Extracted data entries:
────────────────────────────────────────

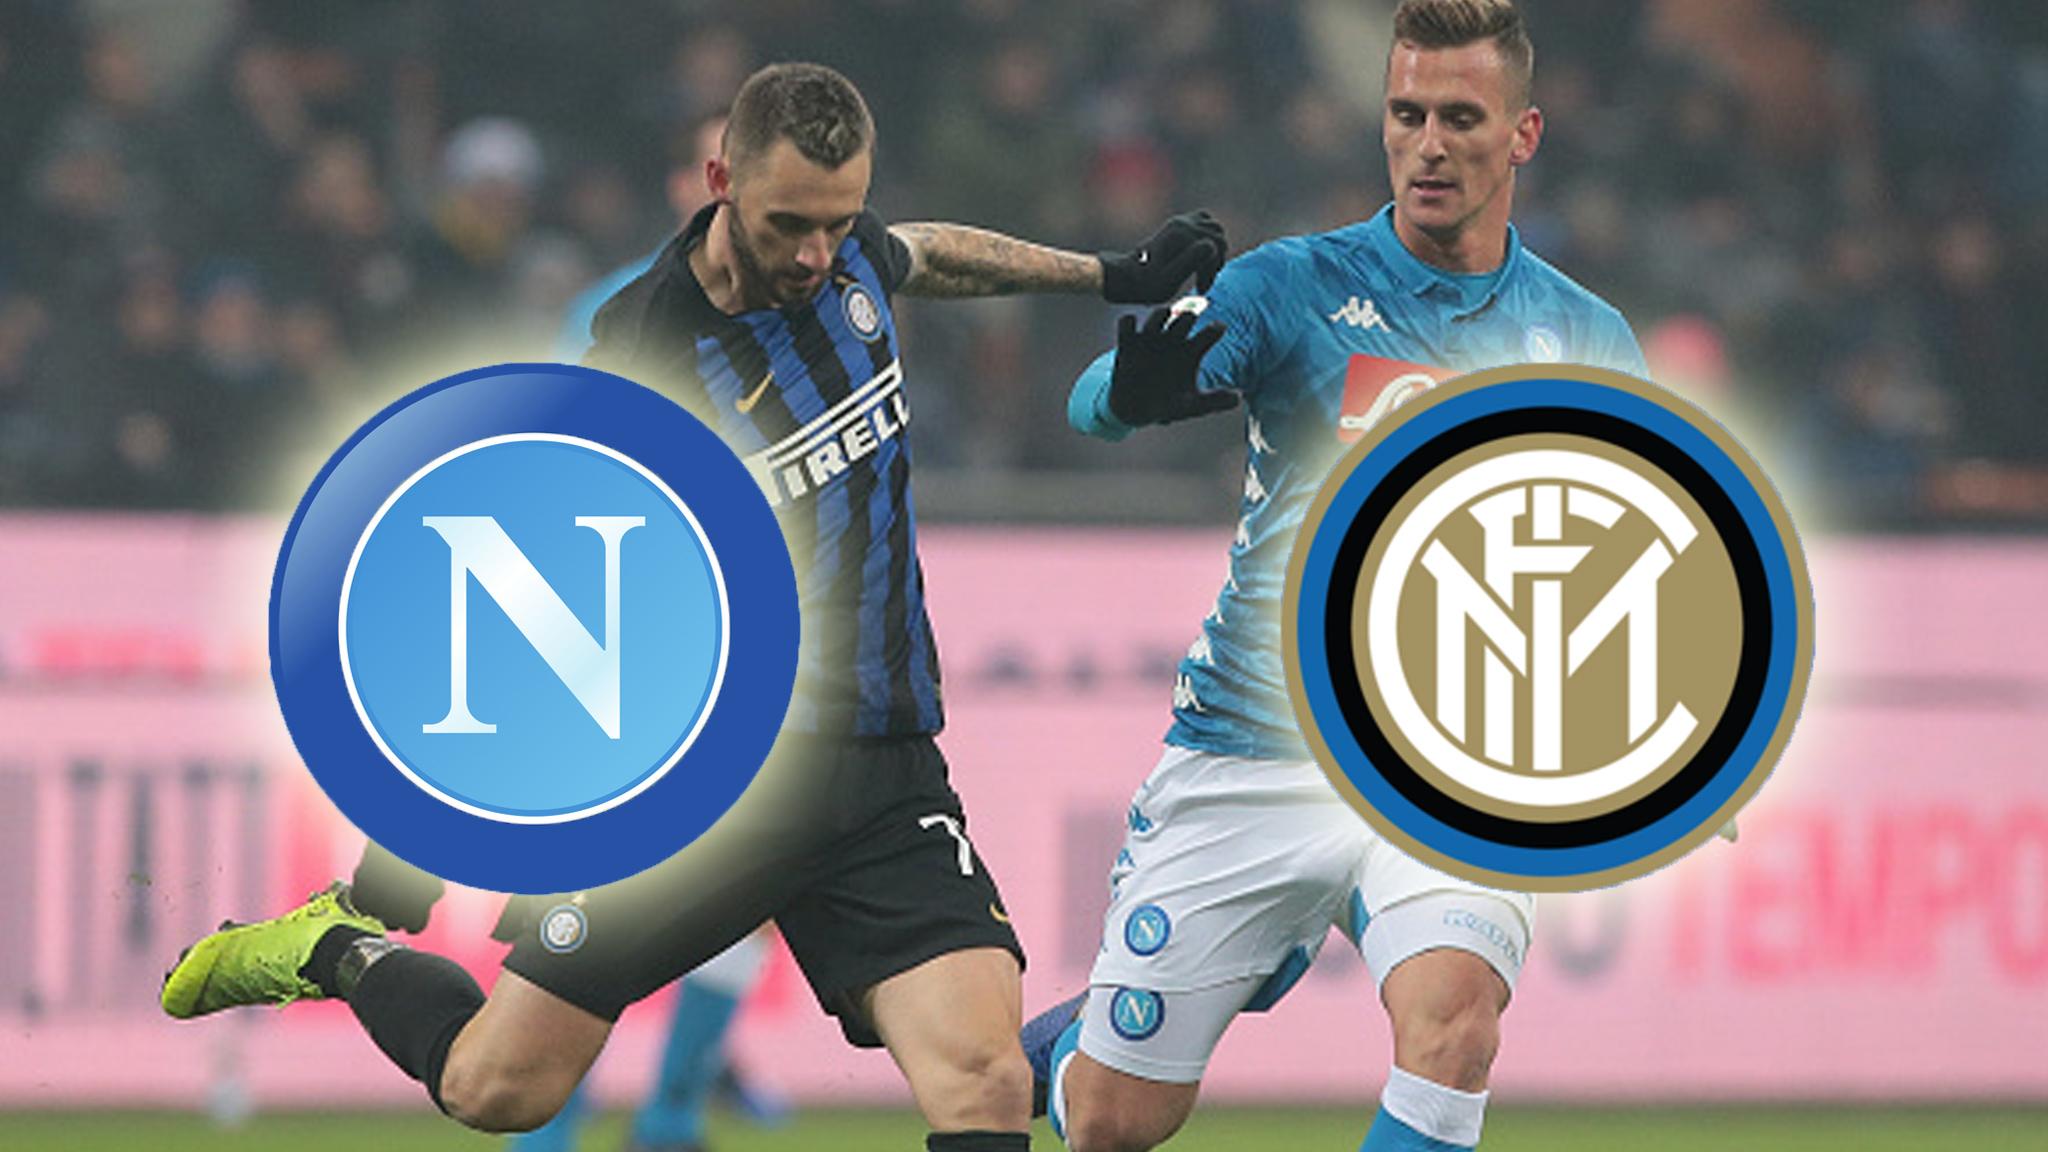 SSC Neapel Vs Inter Mailand Heute Im TV Und LIVE STREAM
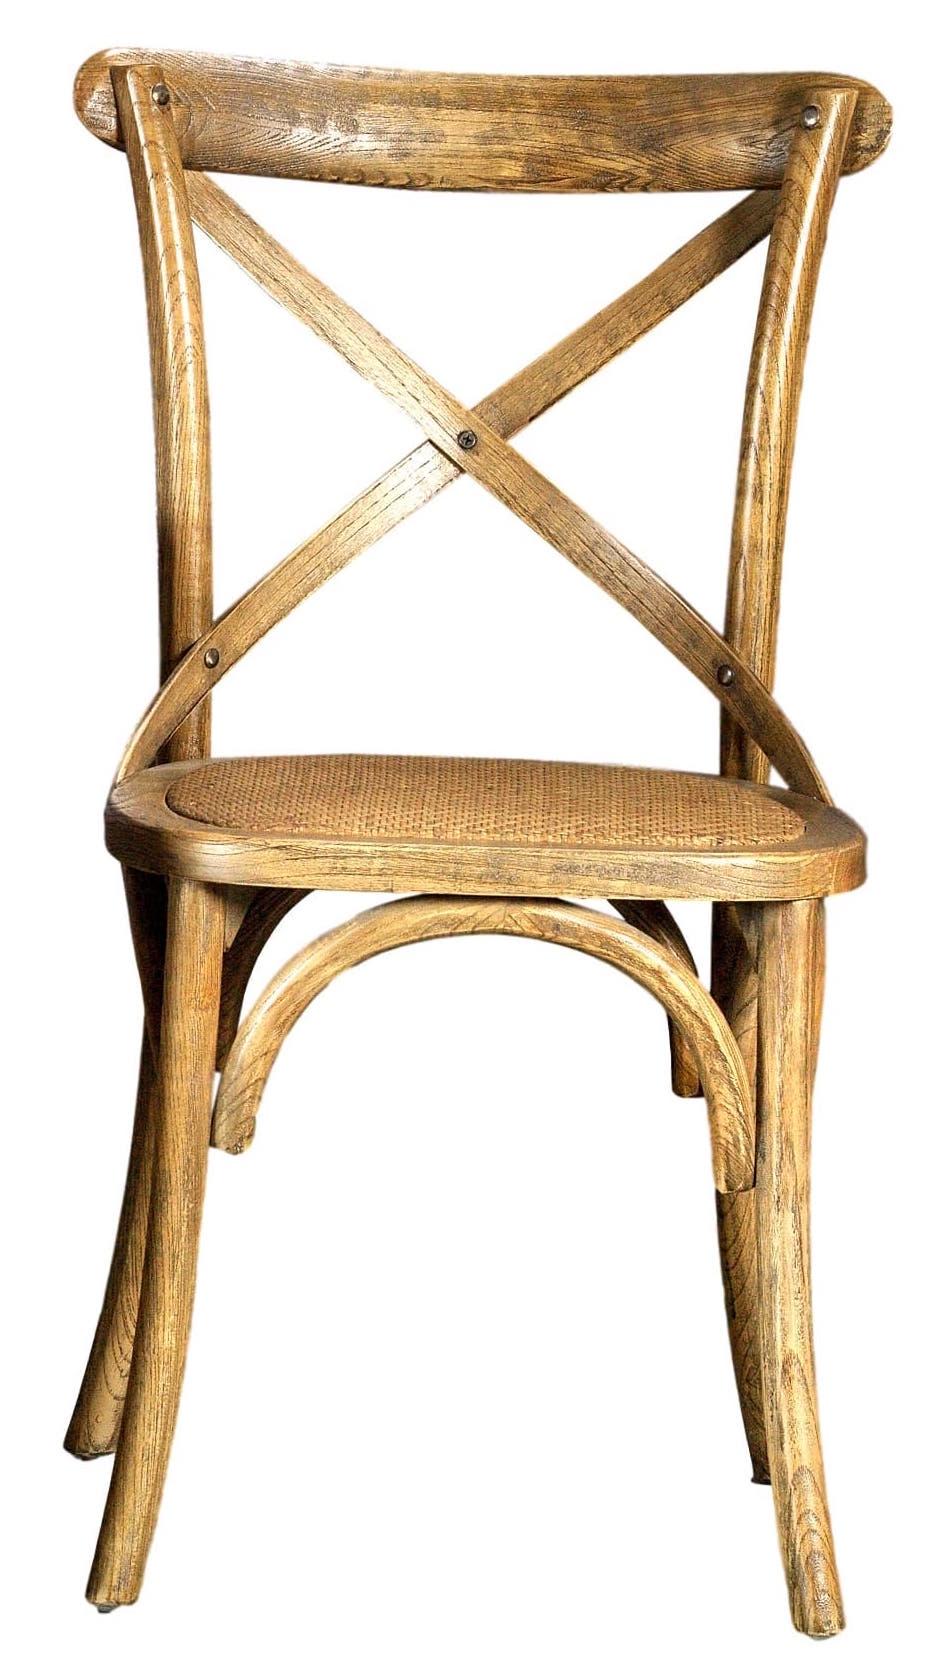 Sedia di legno con seduta imbottita in rattan naturale
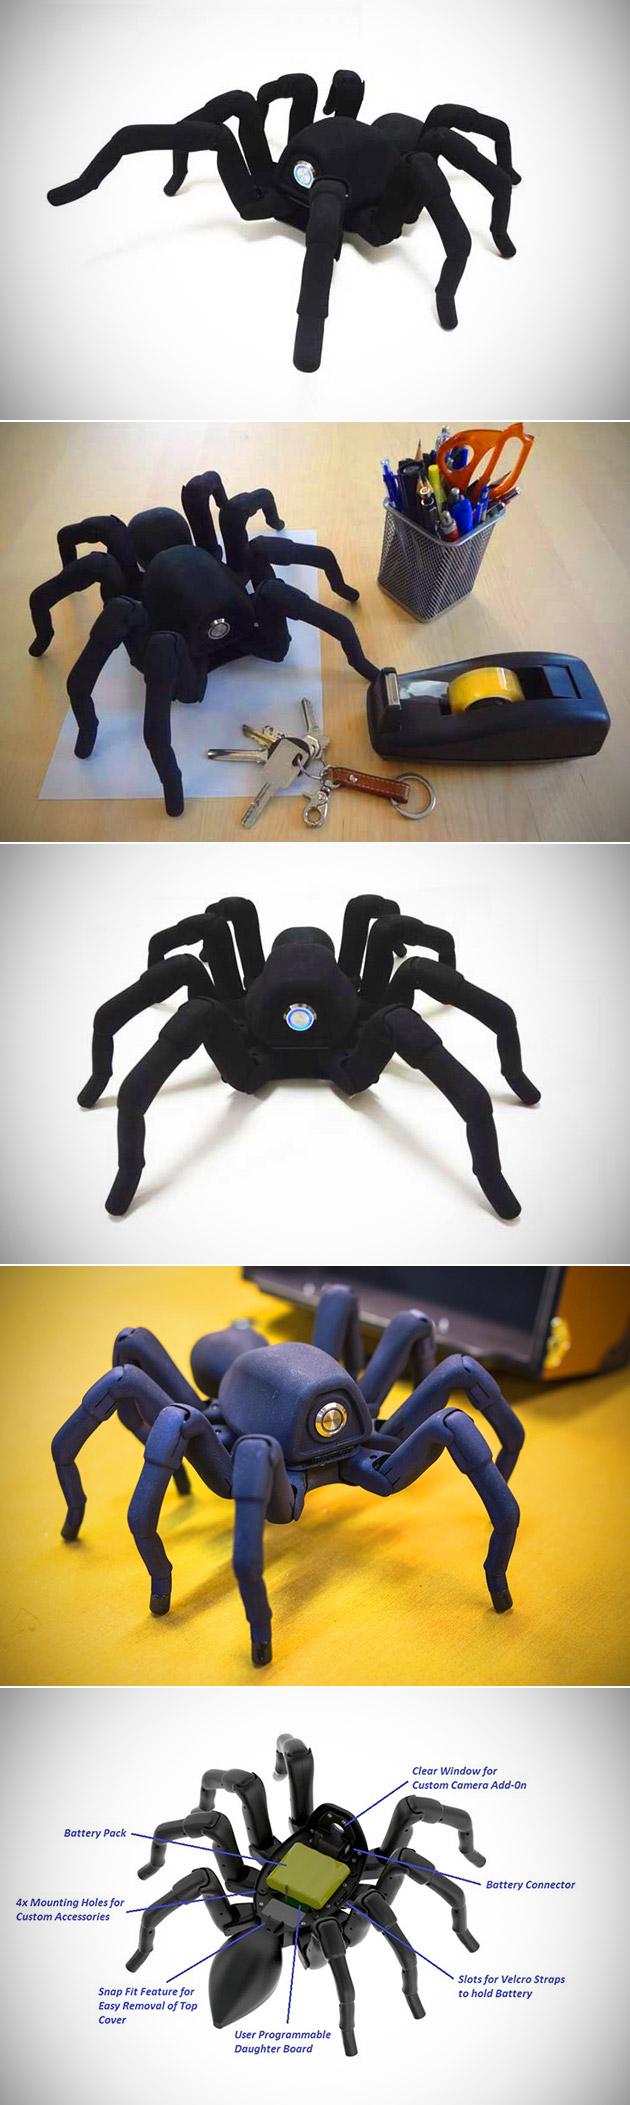 T8 3D-Printed Robot
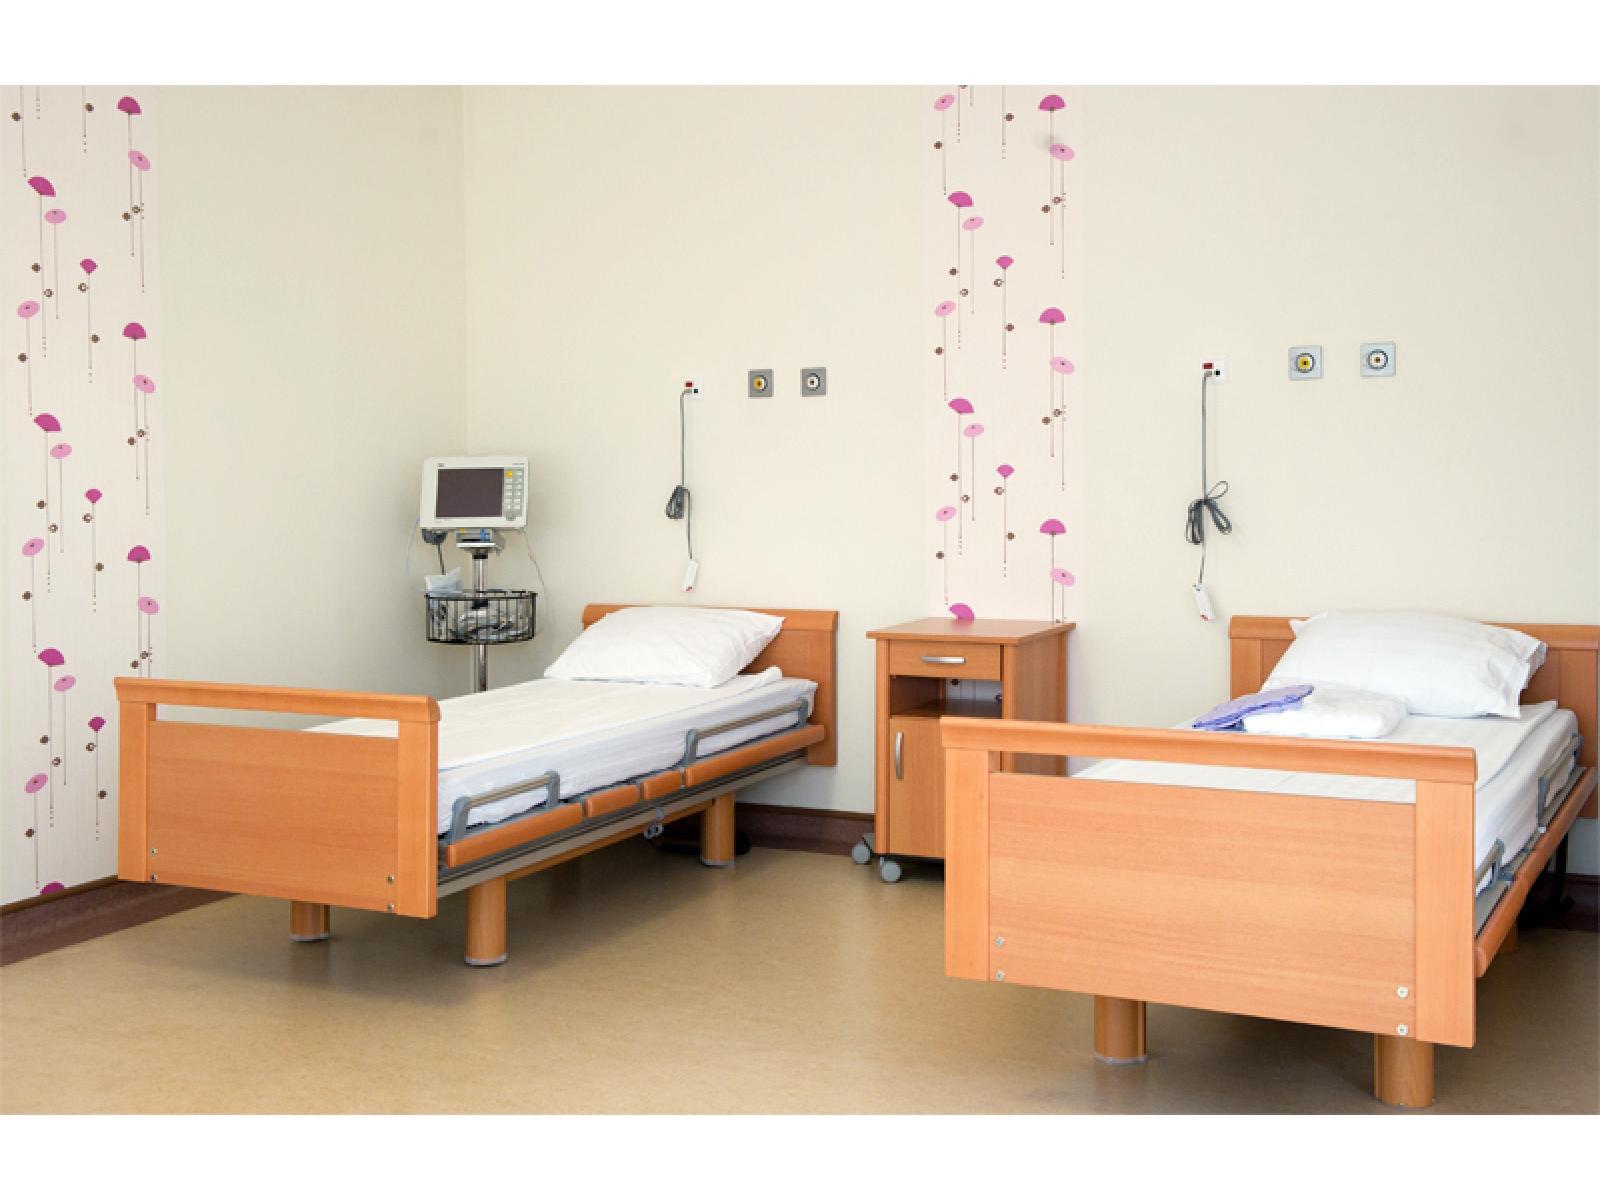 Arcadia Spitale si Centre Medicale - NGM_5565.jpg
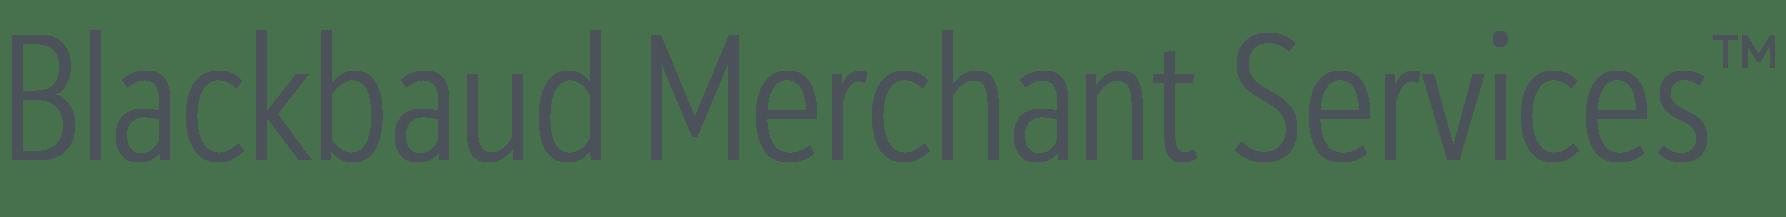 Blackbaud Merchant Services Gray

────────────────────────────────────────

Exercise brief:
Exactly the lines from the one containing "T8 3D-Printed Robot" to the final line of the entries are wanted; please write them out, both ends included, but not the pictures.

Your solution:
 T8 3D-Printed Robot
 Arcadia Spitale si Centre Medicale - NGM_5565.jpg
 Blackbaud Merchant Services Gray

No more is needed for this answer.